The entrance corridor of KV62 was so small that Howard Carter had to cut away the door jambs to remove the shrine panels. If there was a larger tomb hidden within KV62, the first thing the ancient masons would surely have done would have been to enlarge the corridor, as was done in KV55.

In order to construct the panels around the sarcophagus, the north wall would have to have been painted first so that all the panels could be rested against this wall while they were set around the sarcophagus.

Tutankhkamun’s burial goods contained many items prepared for another individual. As Reeves himself has pointed out, many of these (the shabtis in particular) have a feminine form.
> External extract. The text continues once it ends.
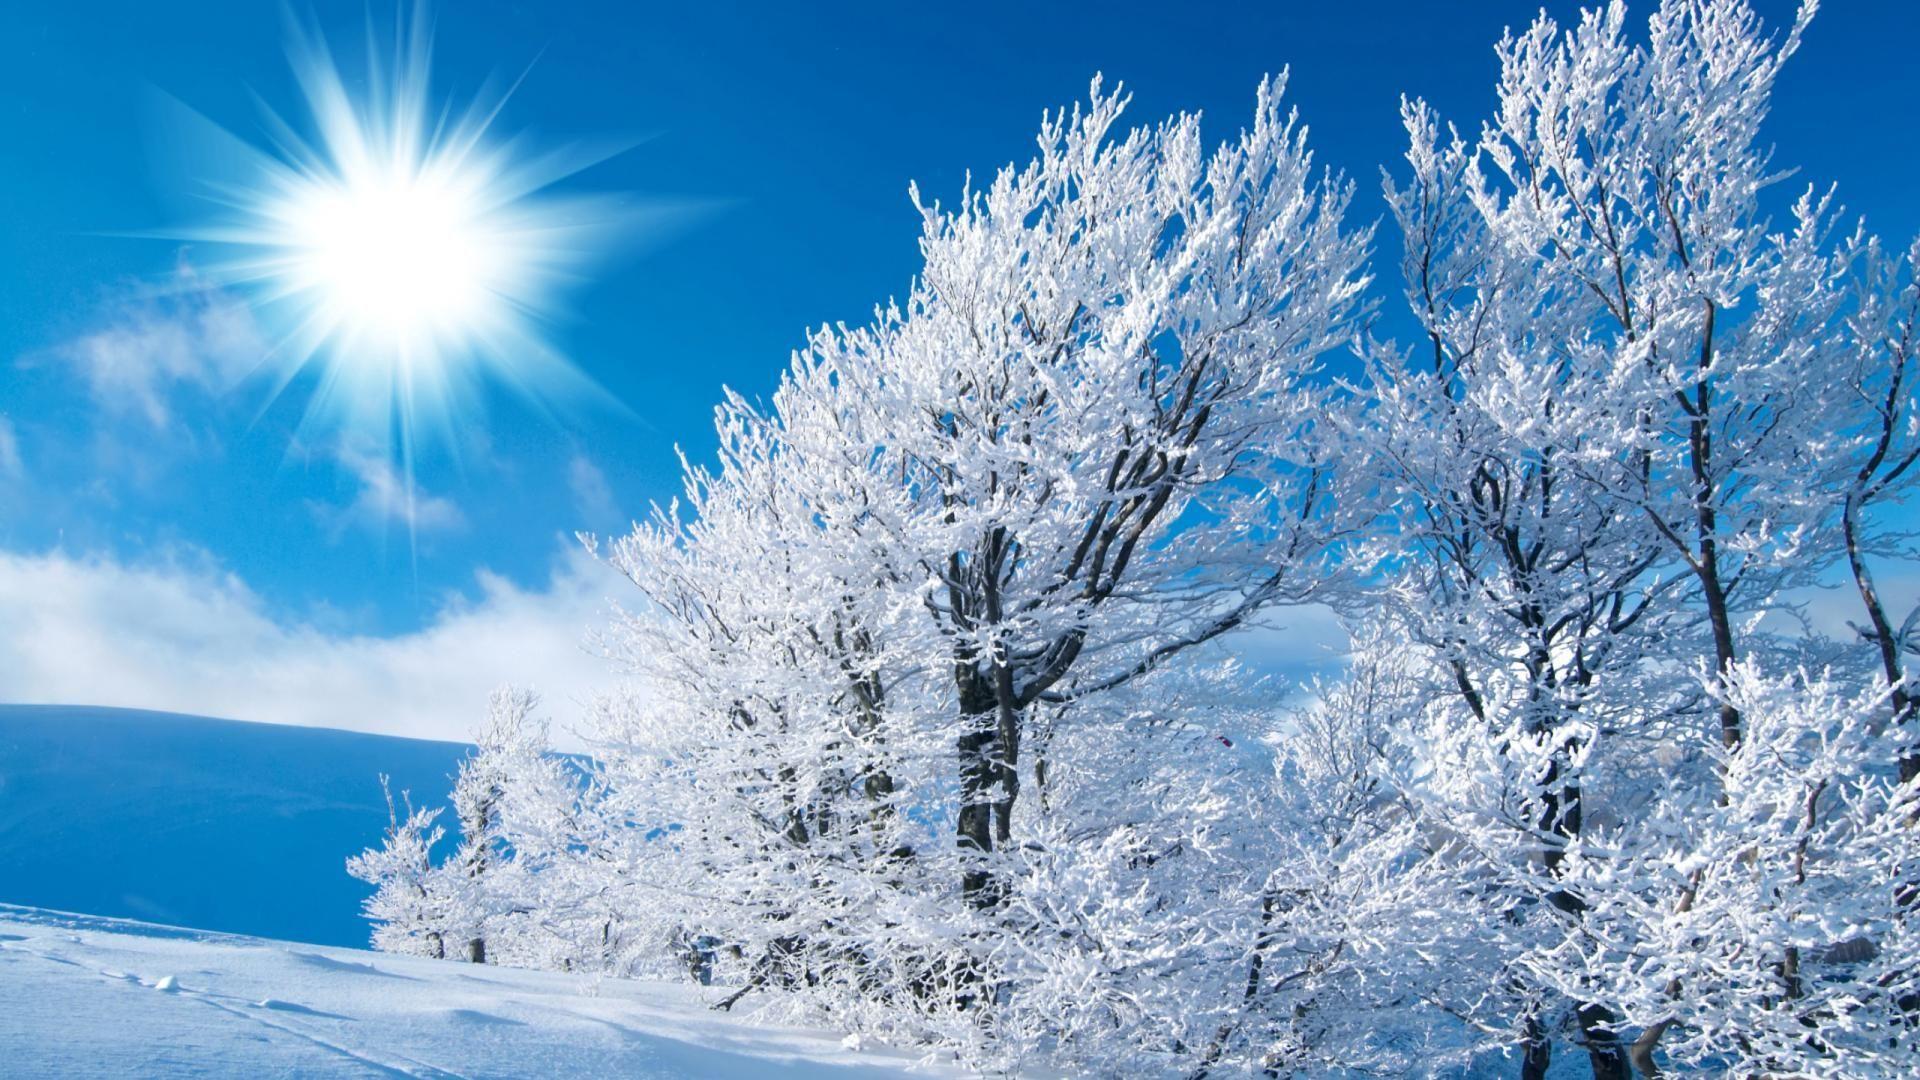 Winter Desktop Wallpapers Top Free Winter Desktop Backgrounds Wallpaperaccess

It is entirely possible that these grave goods originally belonged to a set of burial equipment prepared for Nefertiti as king. The very fact that these goods were made available for Tutankhamun suggests Nefertiti was not buried as a king and that her likely final resting place is at Amarna.

I have to give credit to Mamdouh Eldamaty, the minister of antiquities, who has been able to draw international attention to Egypt. But he needs to look at the evidence to stop this man who uses his imagination to announce nonsense. I suggest that he invite foreign scholars to give their opinions.

Finally, if we really thought there were rooms behind the walls of the tomb, what would we do? Would we make holes in the painted walls? All this is evidence that proves that this theory is dust and that it will eventually fly away with the wind.